Clutch, the victim of a savage beating in San Francisco
The thing Clutch has painted on the hood of his car
Clutch is great because he has a beard, a cool jeep and is a womanizer, heres some totally true facts about the best Joe ever:
- Clutch doesn't fuck around, one time Zap locked him out of the barracks, so Clutch dumped his old Christmas Tree on Zap's lawn.
- Clutch is Jewish and doesn't even celebrate Christmas but fuck Zap he has a dead ass tree to worry about.
- Clutch modified the radios in every Joe Vehicle to play Cosmos Factory on loop
- Clutch listens to nothing but Creedance Clearwater Revival, the only time he doesn't is when he listens to "Had To Cry Today" by Blind Faith, but thats only like once a month.
- Clutch and Rock And Roll got hired to build a shed once, but instead of building the shed, they smoked dope in the back of a van and played Nintendo, but still got paid because they got the high score in Double Dragon.

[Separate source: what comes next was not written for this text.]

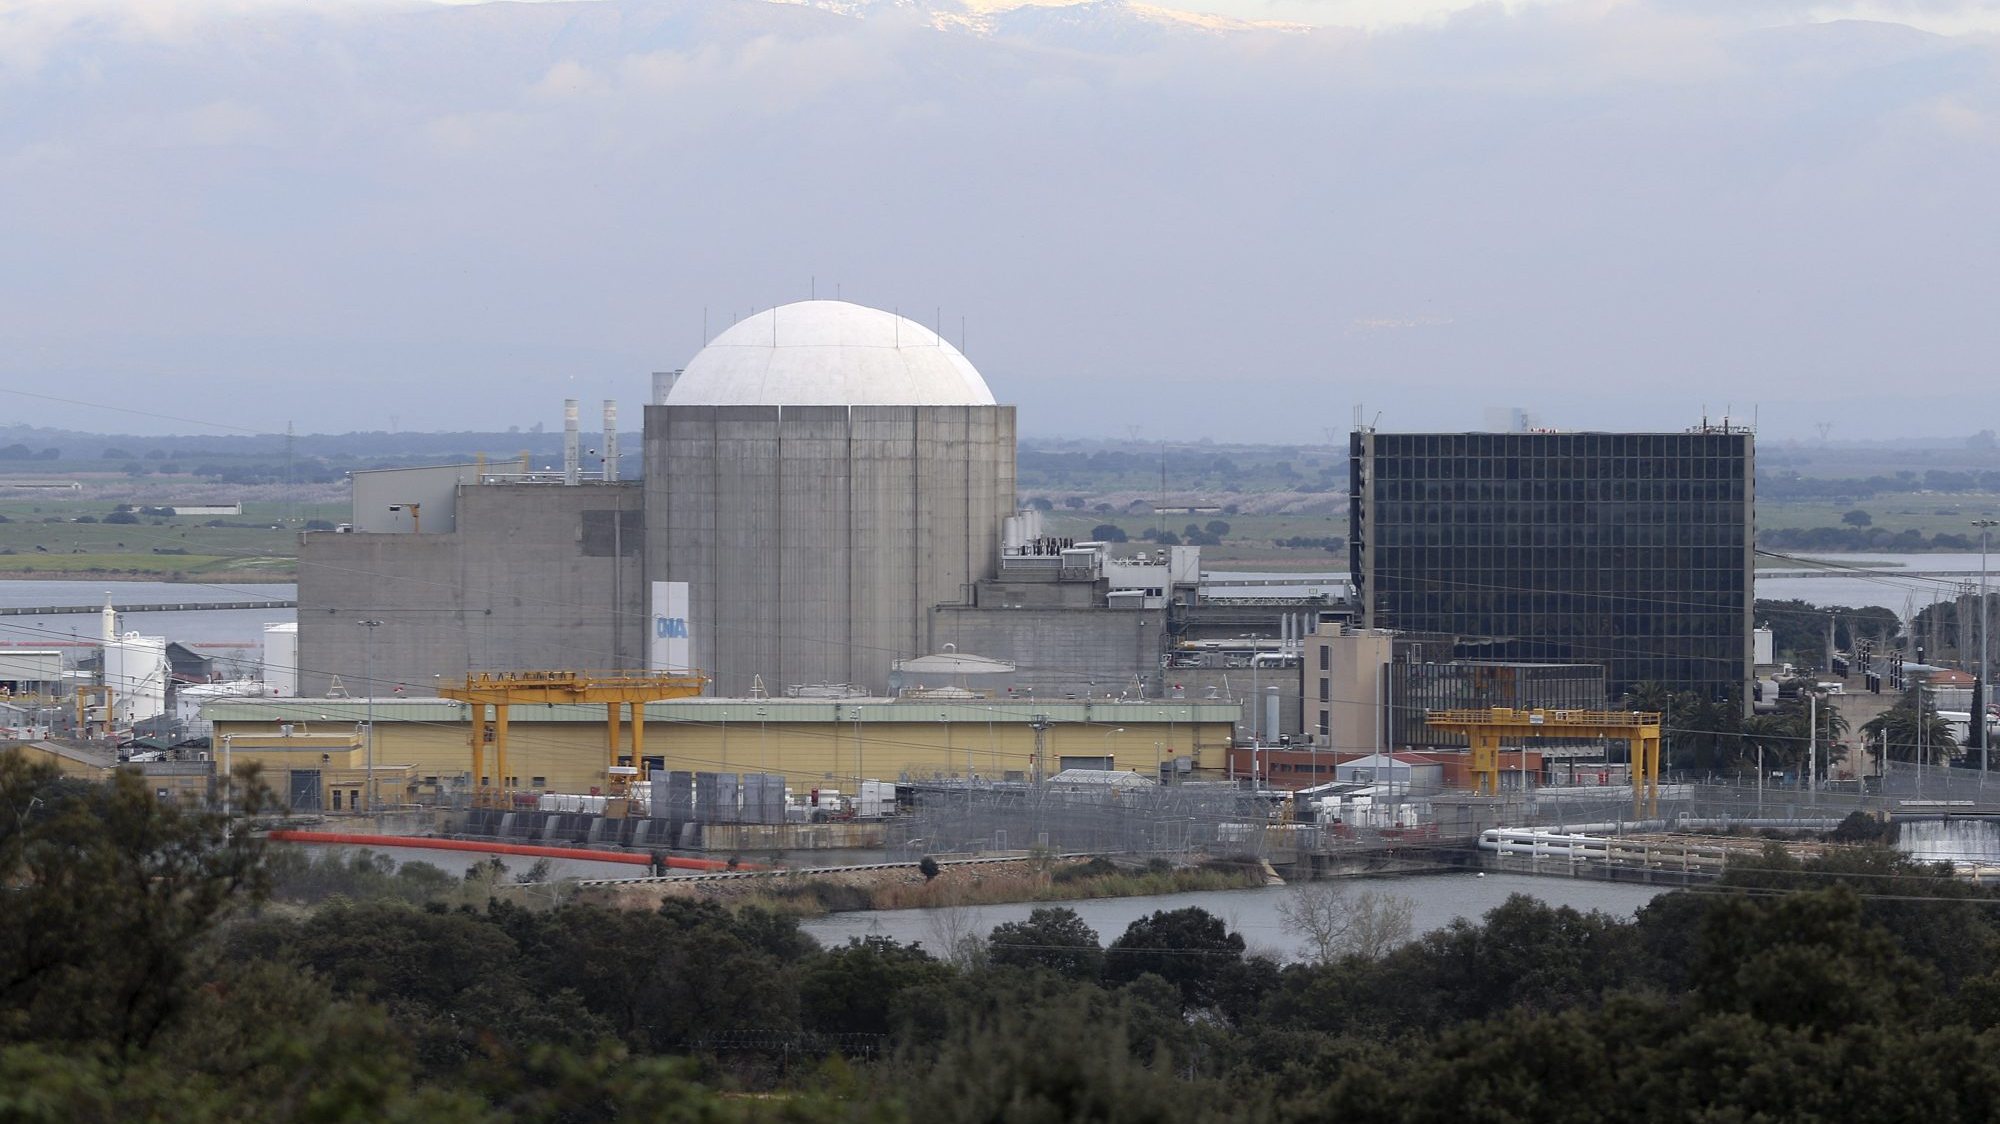 No final de julho, o PAN apresentou queixa contra o estado espanhol à UNECE pela decisão de prolongar o funcionamento da central nuclear de Almaraz

- Clutch named the VAMP "Jewish Lightning"
- Clutch cleaned out the inside of the MOBAT just to hide little slips of paper with Polish jokes on them so Steeler would get sad when he found them. "WHAT DO YOU CALL POLISH BODY ARMOR: STICKING THE TOP HALF OF YOUR BODY OUT OF THE TOP OF THE FUCKING TANK!"
- Clutch took a math test and the question asked "MARY HAS 3 APPLES AND 2 ORANGES BUT WHEN ADDED TOGETHER SHE GOT SIX, WHY IS MARY WRONG?" and Clutch just wrote down "SHES A WOMAN"
- When they told Clutch, Tom Fogerty was dead, Clutch burnt down Ohio.
- Clutch wrote all of Neil Young's lyrics
- Clutch hung out for like six weeks not paying hotel bills and picking up strange women in North L.A.
- Clutch went and hung out with Fidel Castro just so he could pick up some exotic looking bitches.
- Clutch is great you jerks.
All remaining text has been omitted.